Well, how would we count them?
We've got this set:
$(1,1), (1,2), (1,3), (1,4)........ $
$(2,1), (2,2), (2,3), (2,4)........ $
$(3,1), (3,2), (3,3), (3,4)........ $
How would I count them. Well I imagine I'd point to the first one in the first row and say "Okay, $(1,1)$ you are No. 1" and then I'd point to the first one in the second row and say "Okay, $(2,1)$ you are No. 2", and then I'd point to the first one in the third row and say "Okay, $(3,1)$, you are No. 3". Then I'd point to the second in the first row and say "Okay, $(1,2)$ you are No. 4$.

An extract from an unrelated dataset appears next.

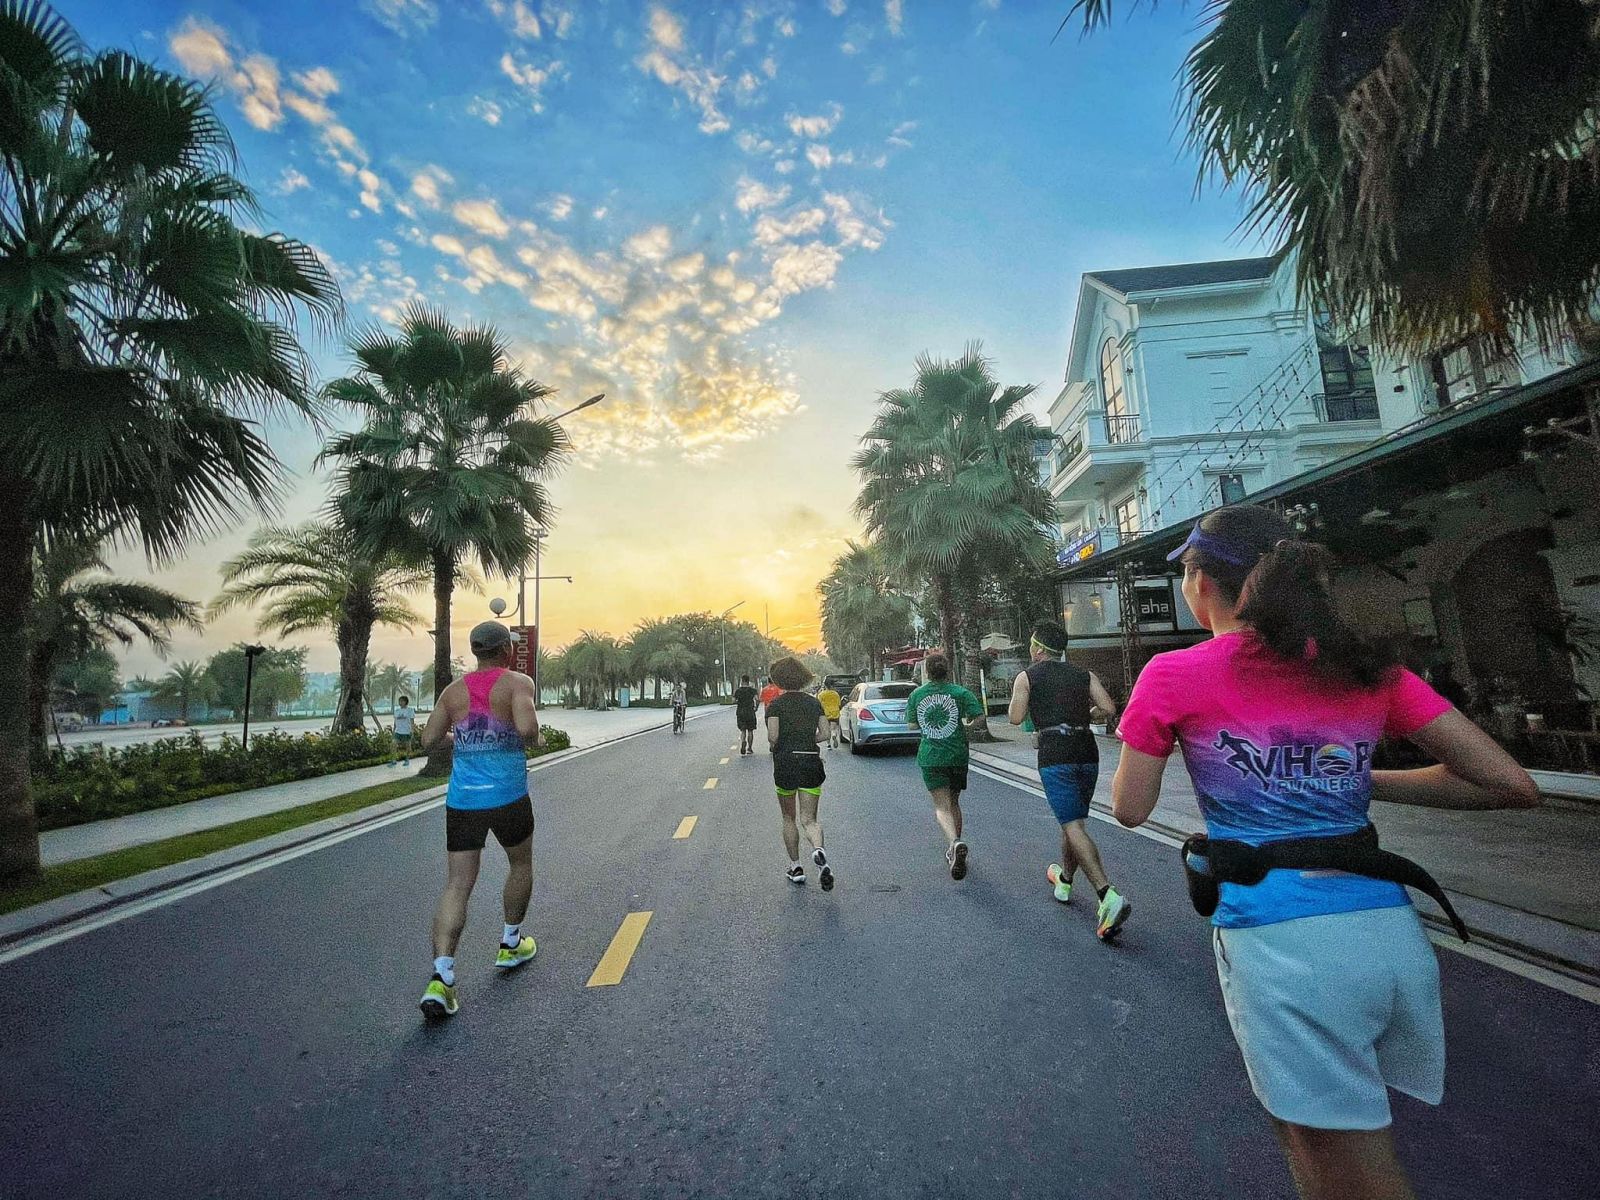 Các thành viên VHOP Runners - cộng đồng yêu chạy bộ tại Ocean City - trong một buổi chạy vào sáng sớm. Ảnh: Hiếu Lê, Nguyen Giap/Group Facebook Vinhomes Ocean Park Runners.

Then I'd ask myself: "Okay, when I get the the $k$th one in the $b$th row, what number will I have reached?".
And then I'd answer myself: "Well I've gone through $k-1$ terms to get to this $k$th term. And for each of those $k-1$ terms I picked one from each row so that's $3(k-1)$ I've gone through to get to this point. And now I'm on the $b$th row so that's $b$ more terms. So I'm at the $3(k-1) + b$ item I counted."
"So you, $(b, k)$, you are number $3(k-1) + b$".
And that's my bijection: $f:\{1,2,3\}\times \mathbb N\to \mathbb N$ via $f(b, k) = 3(k-1) + b$.